ÖNSÖZ

advertisement
ÖNSÖZ
İnsanlık tarihi kadar eski olan insan probleminin felsefi bir
problem olarak şekillenişi nispeten yakın zamanlara denk gelmektedir. Felsefede insanın bir problem olarak ele alınmasındaki bu
gecikmenin değişik sebeplerinden bahsedilebilir.
Bu sebeplerden biri, insan düşüncesinin bağımsız bir problem
olarak şekillenmekten çok diğer felsefe problemleri ile bağlantılı
olarak ele alınmış olmasıdır. Yani insan ahlak, varlık, siyaset vb.
problemlerle ilişkilenmiştir. Bu bağlamda ahlâk, siyaset ya da varlık problemlerinin içinde değerlendirilmiş, insanın ahlaki boyutundan, siyasi boyutundan ya da varlık boyutundan bahsedilmiştir.
Diğer bir sebep ise felsefe tarihinde felsefe problemlerinin şekilleniş süreci ile ilgilidir. Tarihsel olarak felsefedeki ilk gelişme
dış dünyaya ilişkin problemlere yönelik olduğu için felsefi düşünce
de bu yönde ivme kazanmıştır. İnsanın yaşadığı dünyayı tanımaya
yönelik merakının daha baskın olması sonucu önce dış dünyaya
sonra kendine yönelmiştir. İlginin insana dönmesi görece daha
sonraki zamanlarda gerçekleşmiş ancak bu değerlendirmeler çoğu
kez doğrudan değil dolaylı olmuştur. Bunun nedeninin insanın
kendini inceleme alanına yerleştirmesindeki güçlük olduğu düşünülebilir.

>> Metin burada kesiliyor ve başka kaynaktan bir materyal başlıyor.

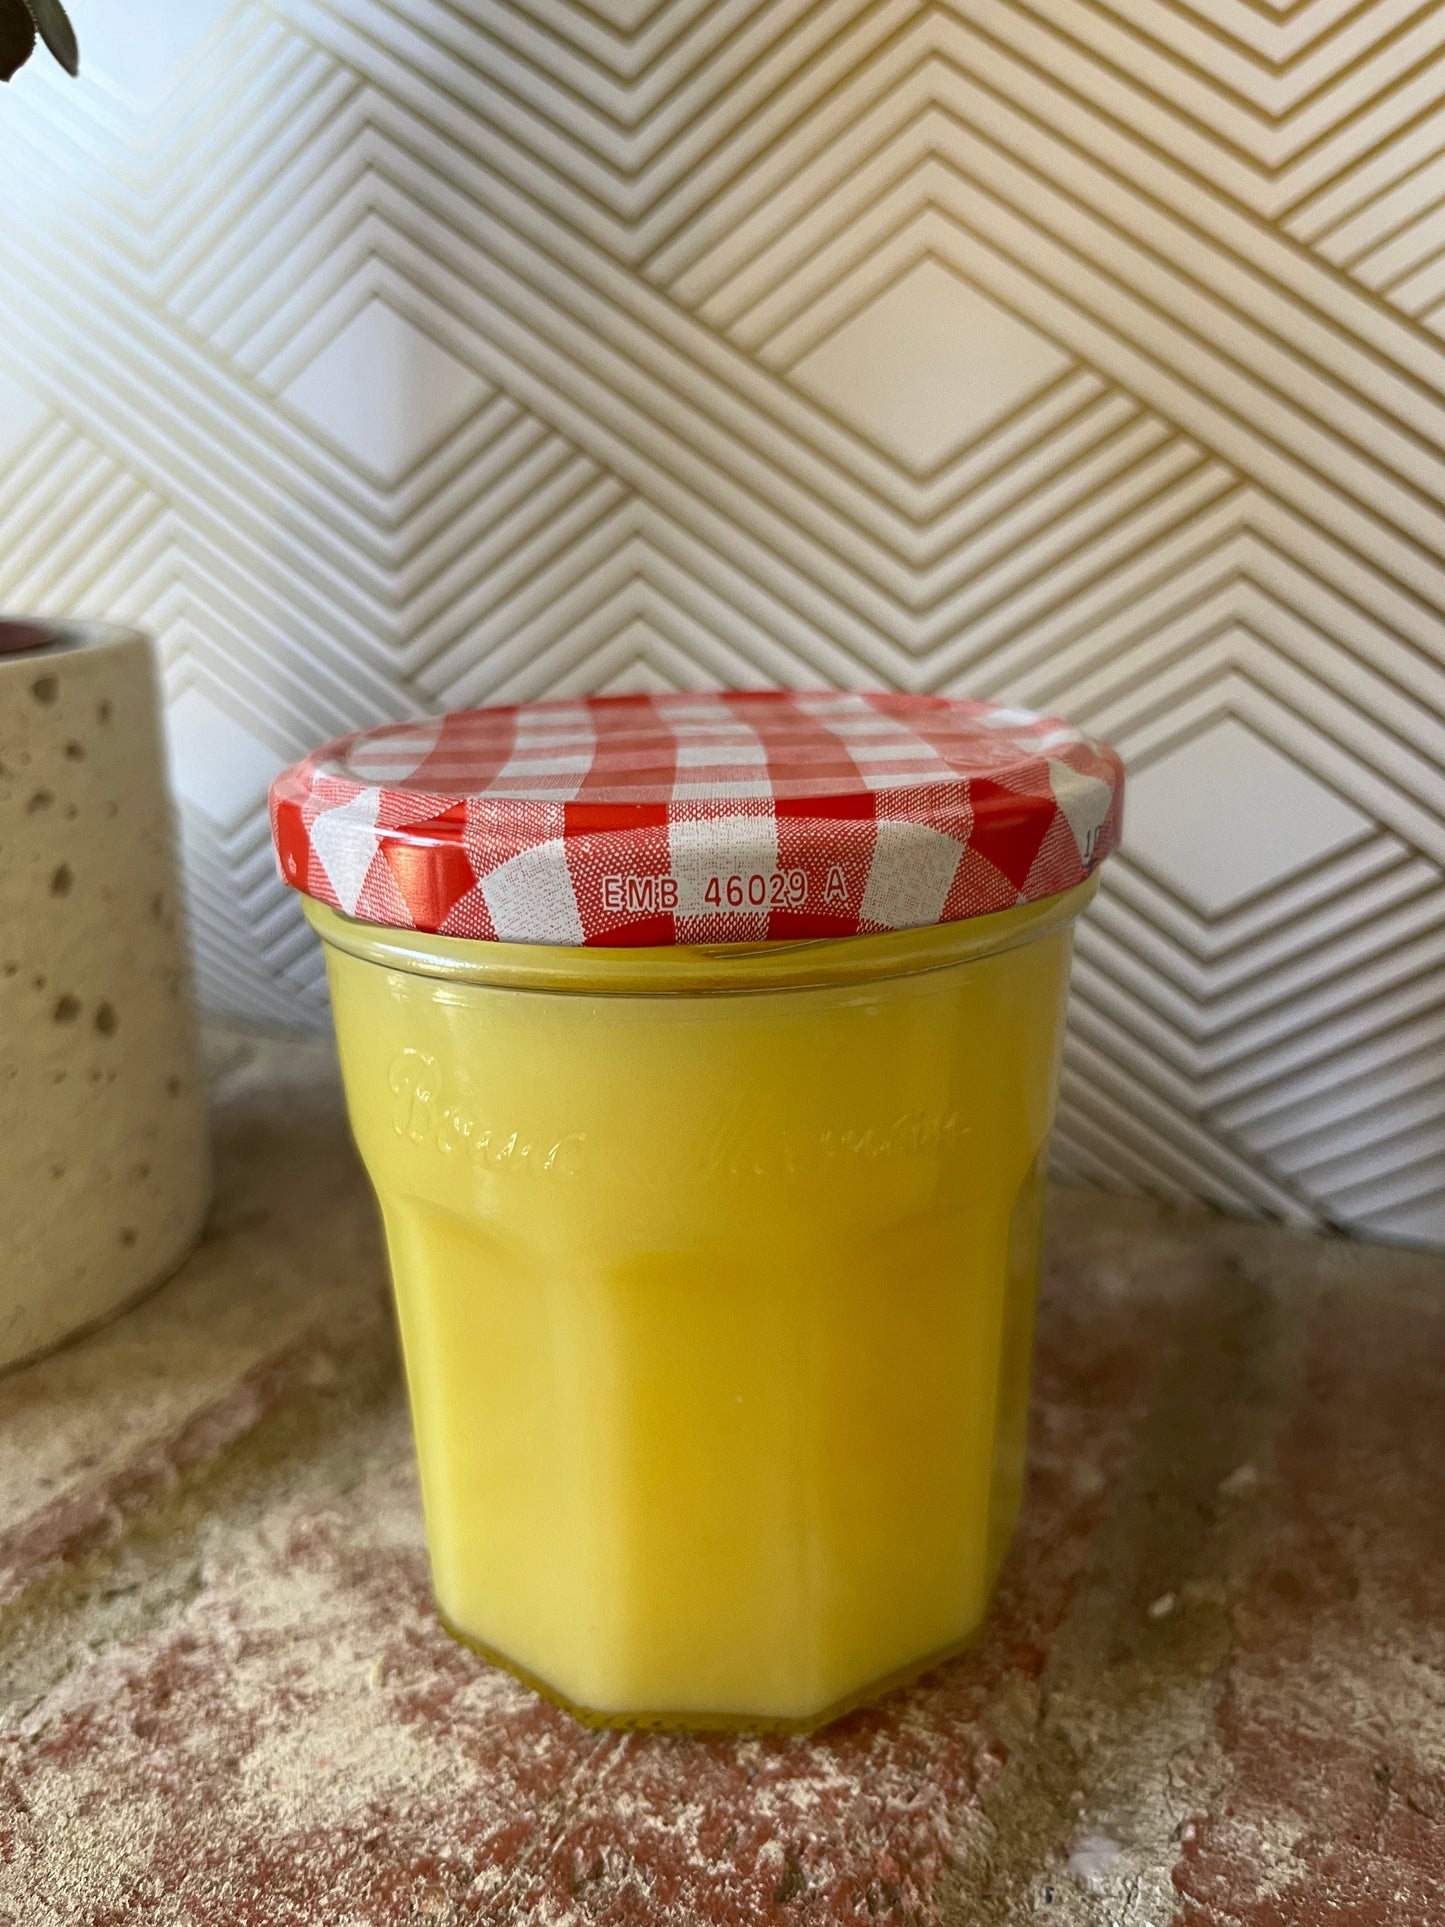 9 oz Upcycled Jam Jar Candle: Lemon Cake
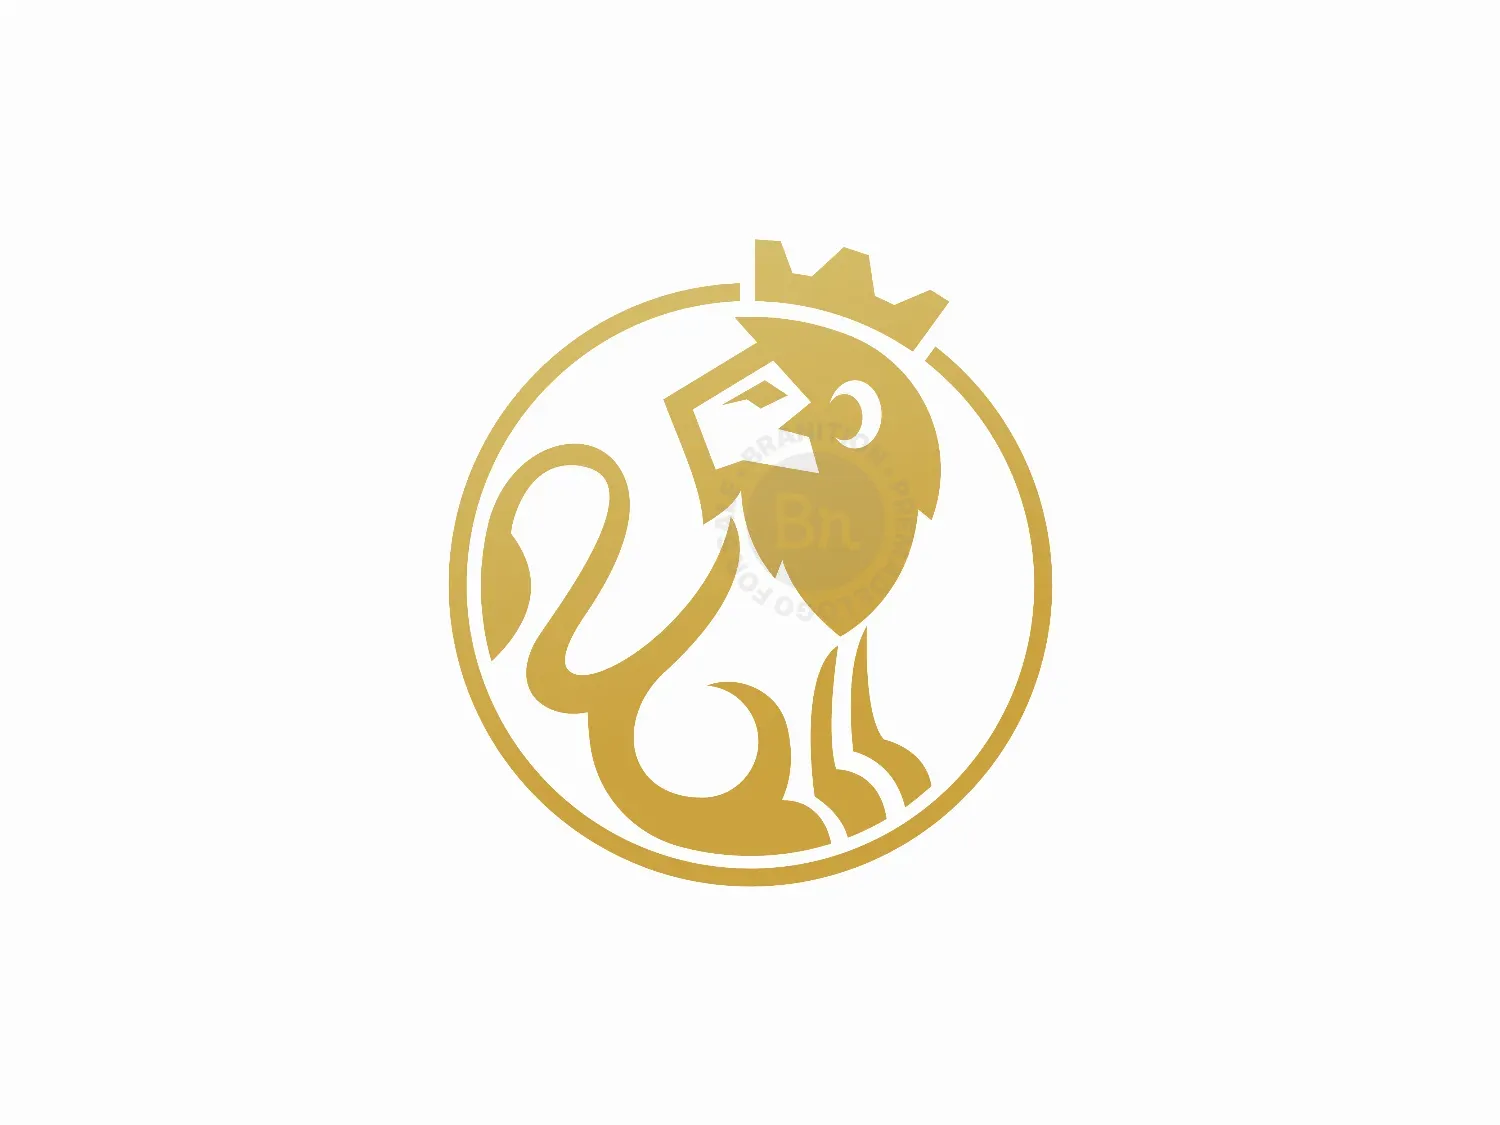 King Lion Logo Design || How To Make Logo Design In Pixellab - YouTube

İnsanın kendini inceleyip değerlendirmesinin ise başlıca iki
yolu vardır: Birincisi insanın kendini içinde bulunduğu ilişkiler ağı
içerisinde yani işlevsel boyutu ile incelenmesi ve değerlendirmesi,
vii
ikincisi bütün bağlarından ayrı olarak aslında ne olduğunun araştırmasıdır.
İnsanın işlevsel yönünün öne çıkarıldığı ilk bakış açısı işleyişe
yönelik bir değerlendirme biçimini esas almaktadır ki bu daha çok
bilimin bakış açısı olmaktadır. Bilim gözlenebilen özelliklerinden
hareketle insanı açıklamaya yönelik bir bakış açısına sahiptir.
Buna karşılık insanın bütün bağlarından ayrı olarak ne olduğu
ile ilgili diğer araştırma biçimi ise daha çok felsefî bir bakış açısını
temsil etmektedir. Felsefî bakış, “insan nedir?” sorusu etrafında
şekillenen düşüncelerin oluşturduğu bakıştır. İnsanın aslında ne
olduğunu anlama çalışan doğrudan insan problemine yönelik bir
değerlendirmedir ve gelişimi son dönemlere değin yeterince belirginleşmemiştir.
Bu kitabın amacı felsefe tarihindeki insan ile ilgili değerlendirmeleri ele almak ve bağımsız bir problem alanı olarak insan
probleminin şekilleniş sürecini değerlendirmeye çalışmaktır.
Bu amaçla felsefe tarihinde insan problemine yönelik olarak
üretilen düşünceler bir değerlendirme ve tasnife tabi tutulmakta,
problemin gelişmesine ait bir çerçeve oluşturulmaya çalışılmaktadır. Böylece felsefe ile ilgilenenlere derli toplu bir kaynak sunulmak istenmektedir.